## [What this task involves]
The copy you produce must hold every record exactly, and none of the images.

===== Provided records

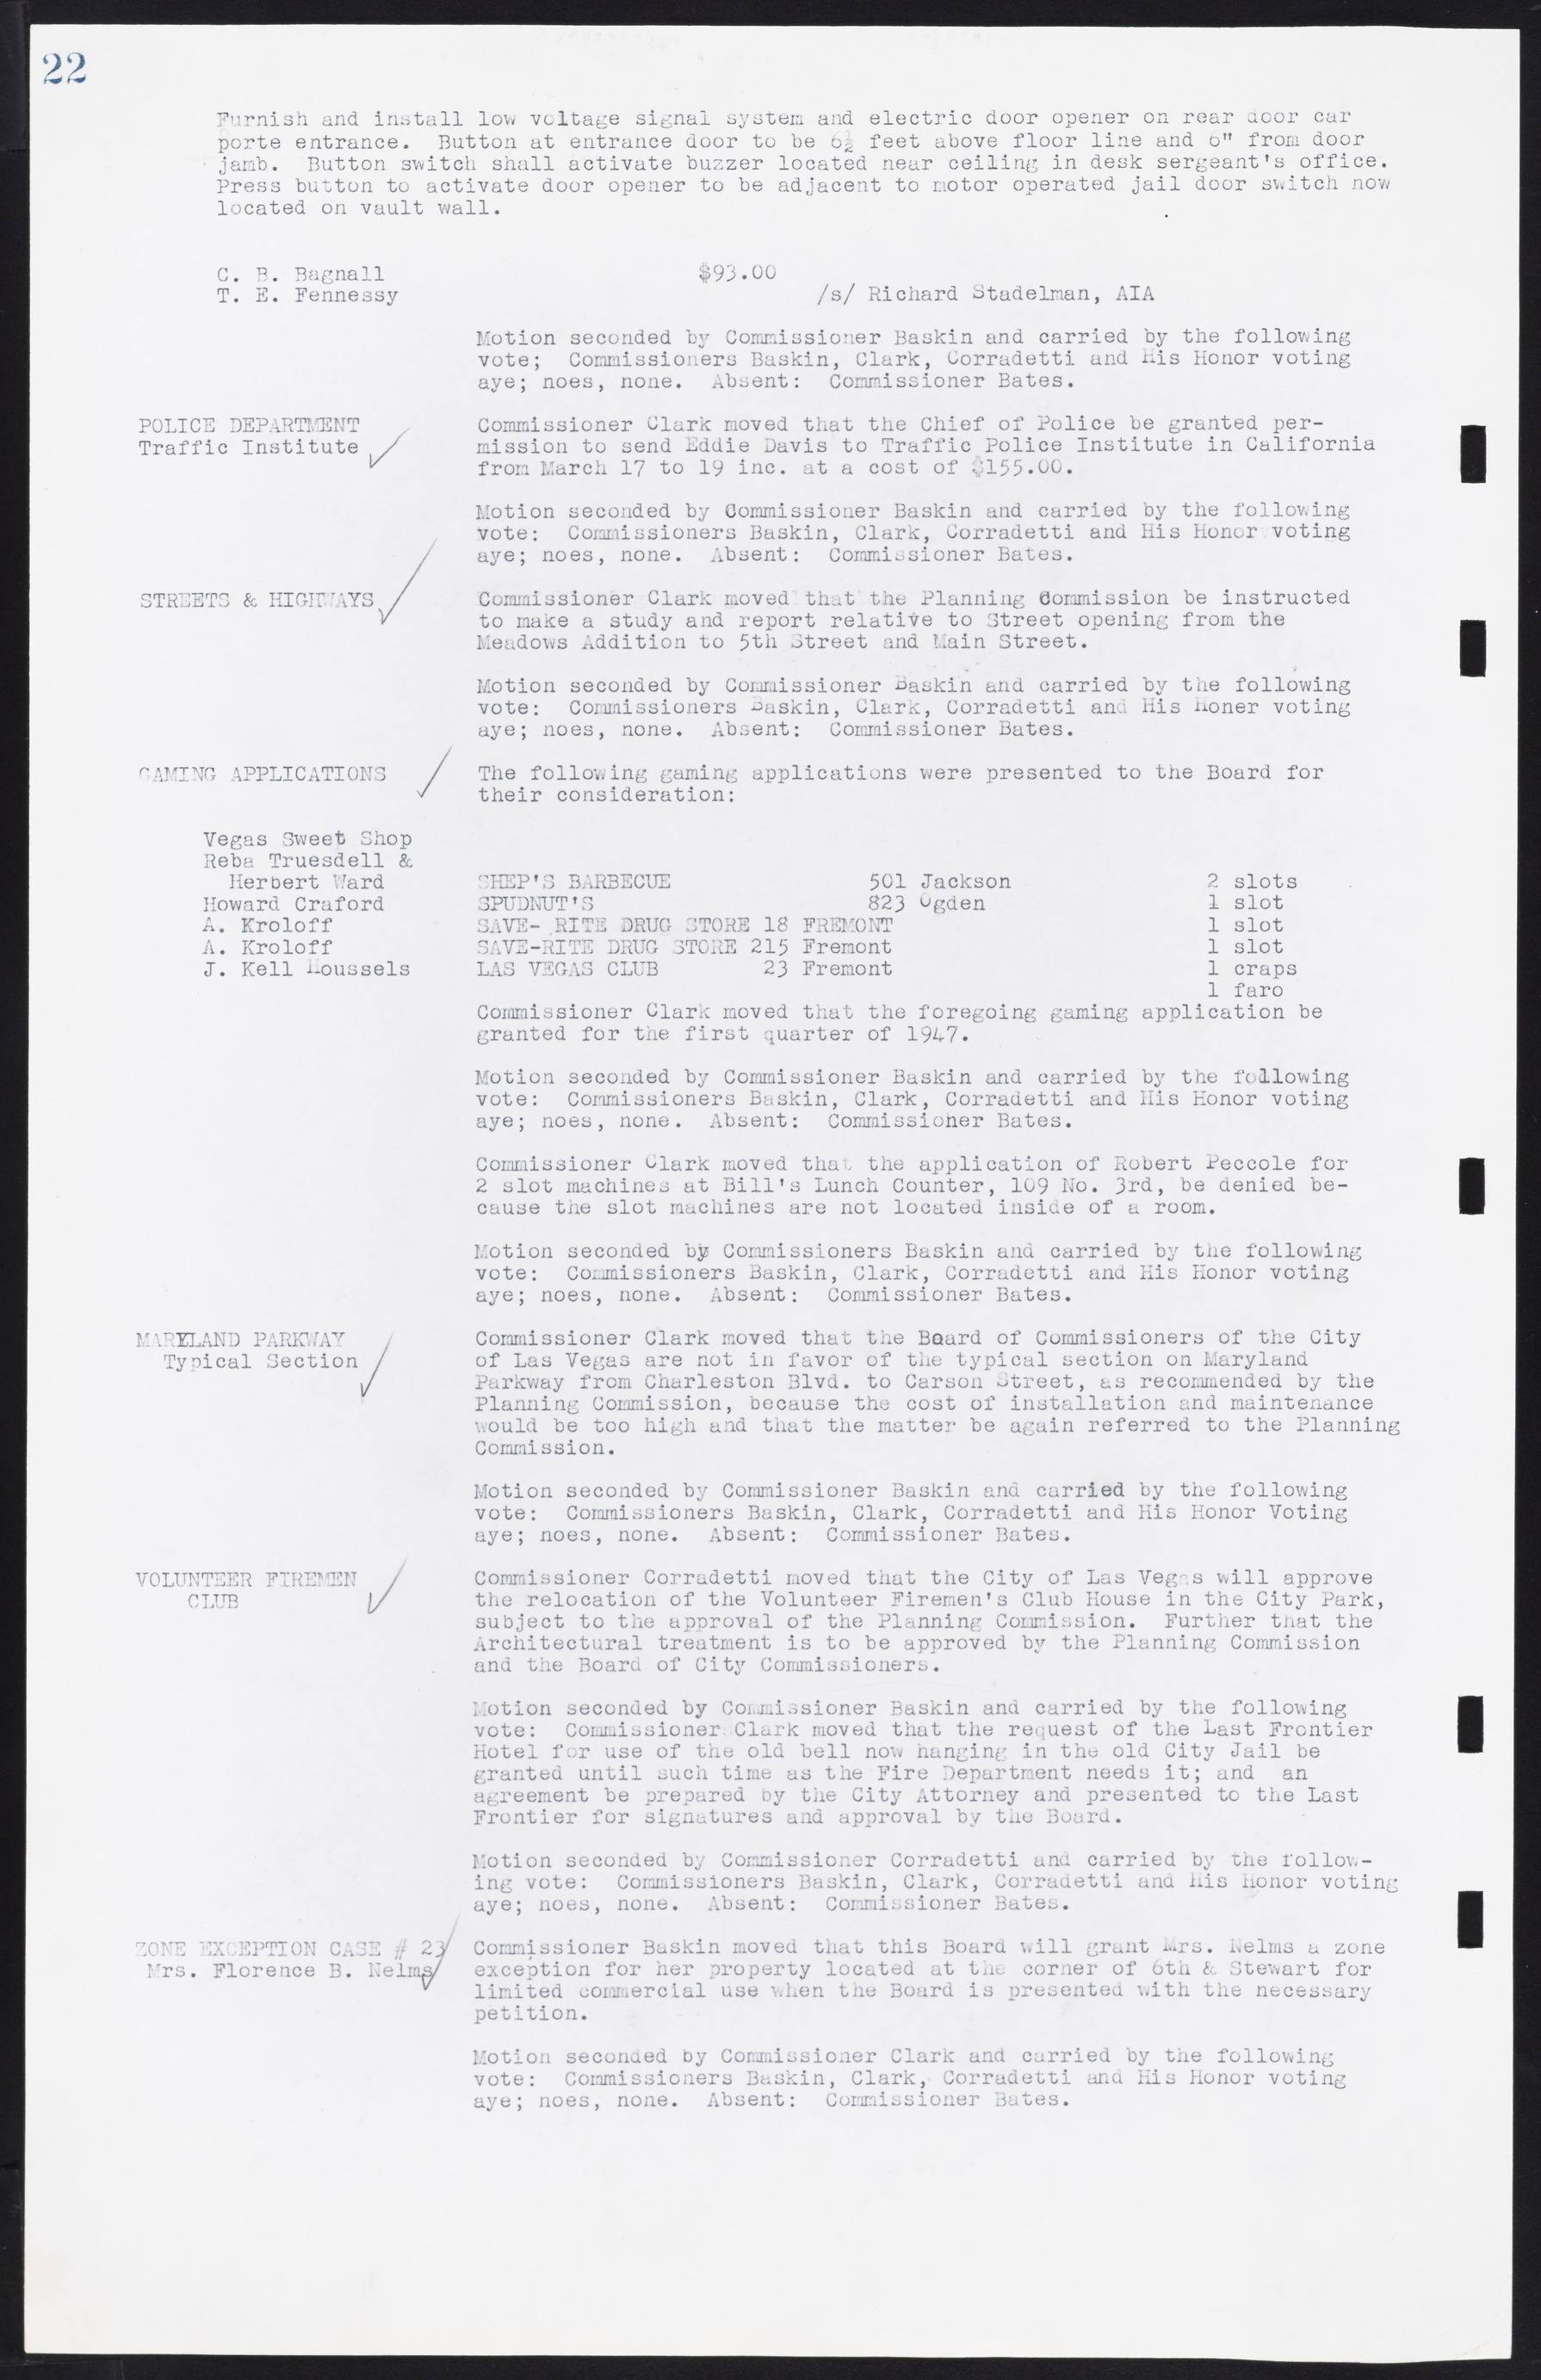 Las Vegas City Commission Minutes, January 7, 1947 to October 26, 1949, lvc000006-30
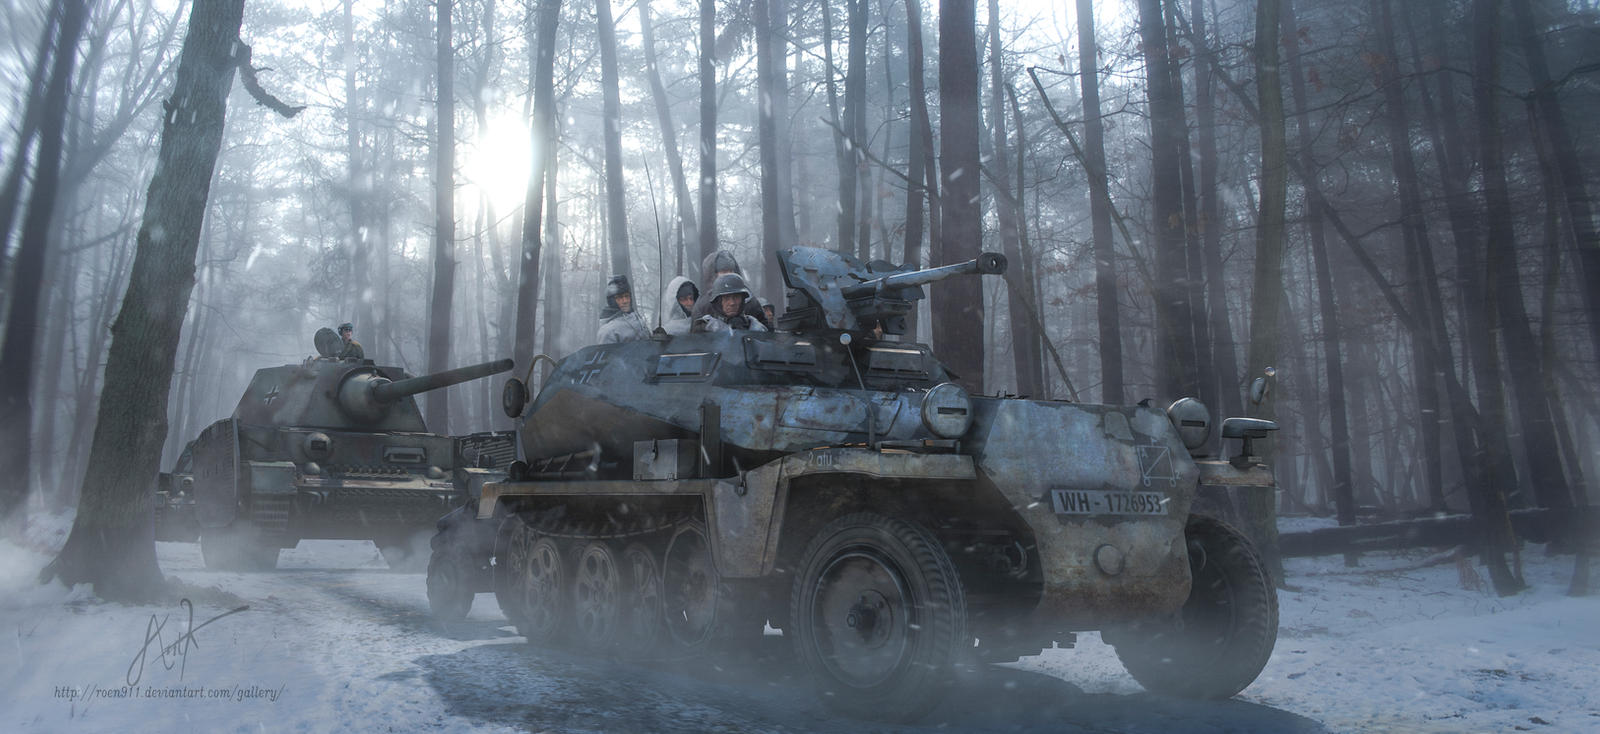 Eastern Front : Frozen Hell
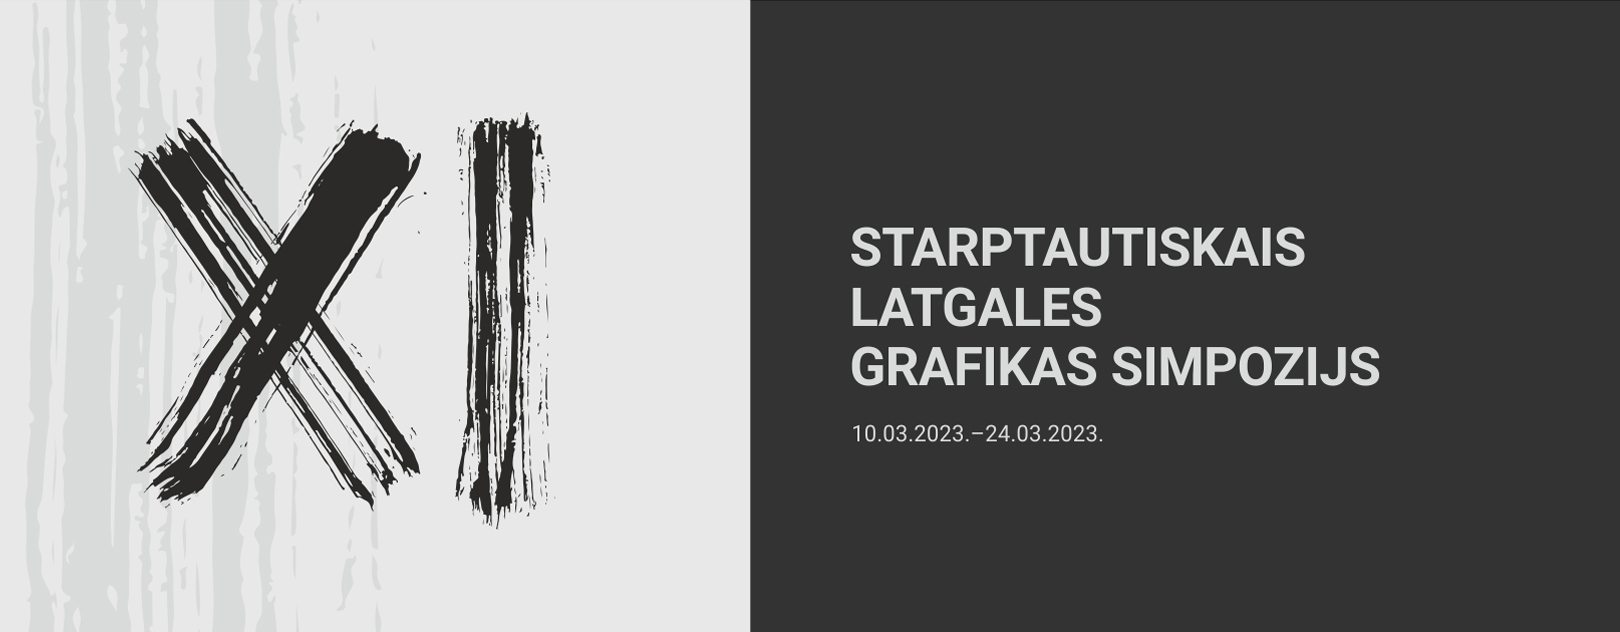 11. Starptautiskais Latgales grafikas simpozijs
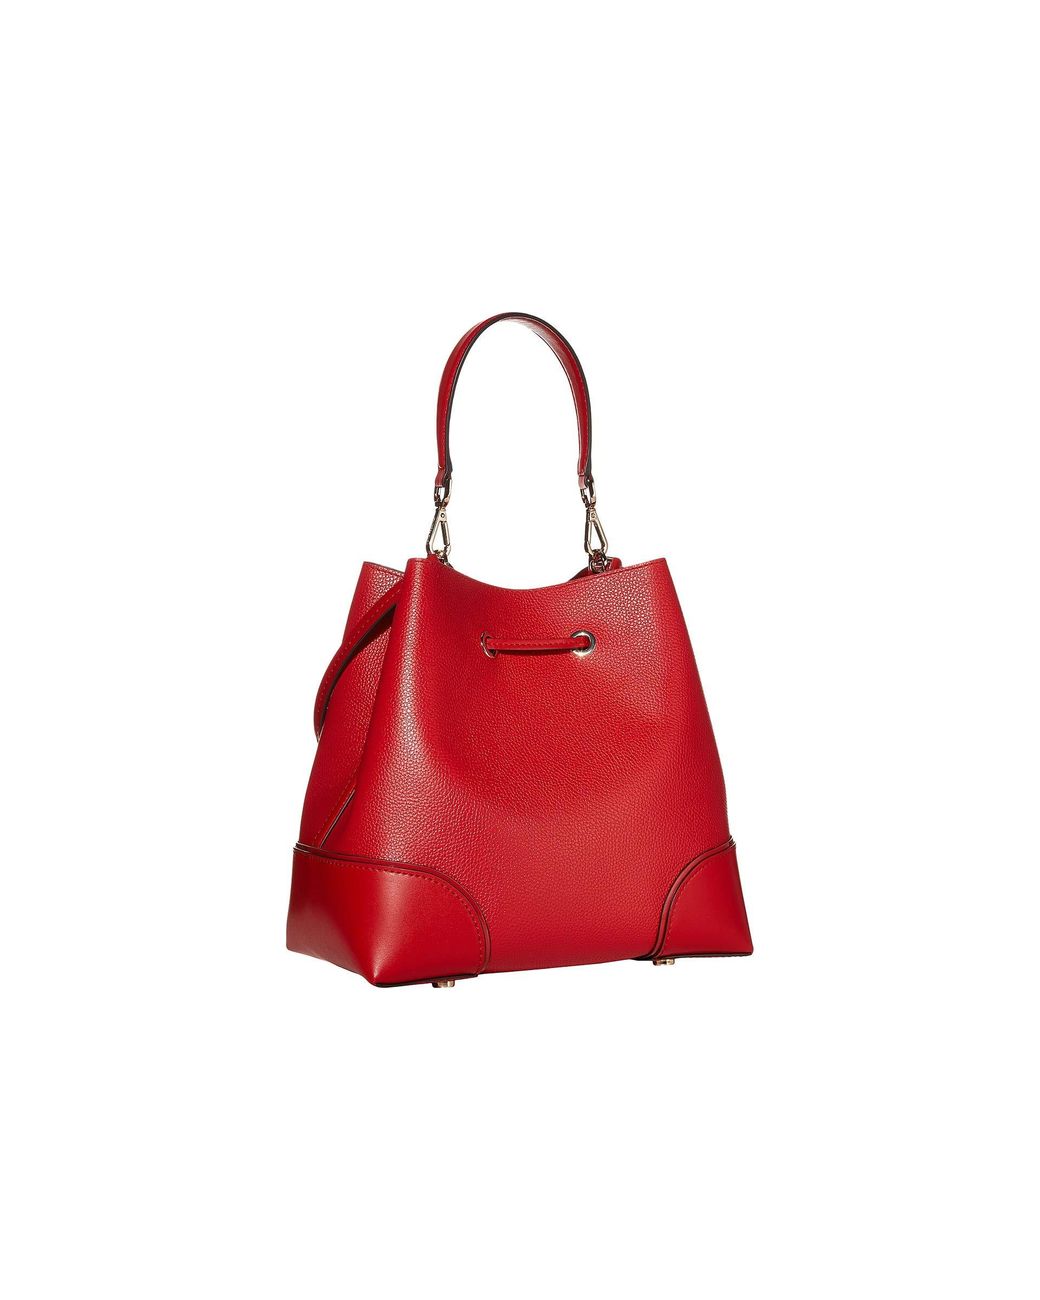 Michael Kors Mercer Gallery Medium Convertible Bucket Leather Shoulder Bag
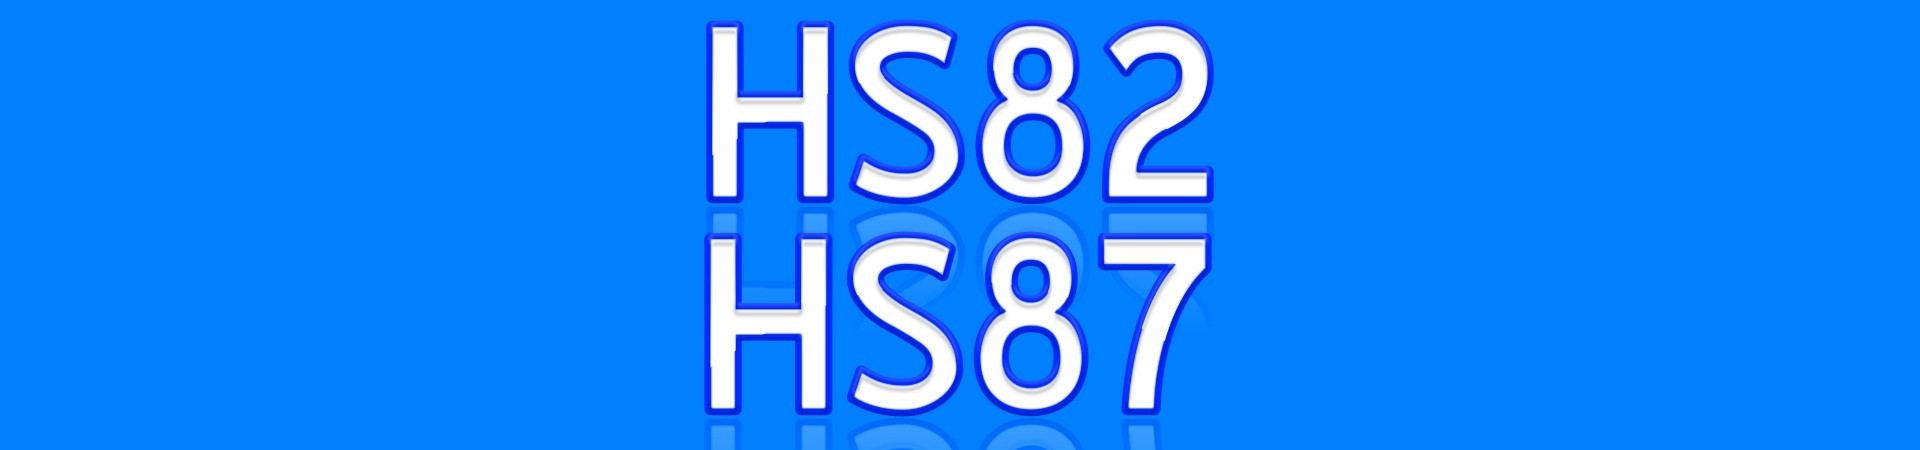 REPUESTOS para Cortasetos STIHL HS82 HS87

==========

## [Written reply]
 Las Vegas City Commission Minutes, January 7, 1947 to October 26, 1949, lvc000006-30
 Eastern Front : Frozen Hell
 11. Starptautiskais Latgales grafikas simpozijs
 Michael Kors Mercer Gallery Medium Convertible Bucket Leather Shoulder Bag
 REPUESTOS para Cortasetos STIHL HS82 HS87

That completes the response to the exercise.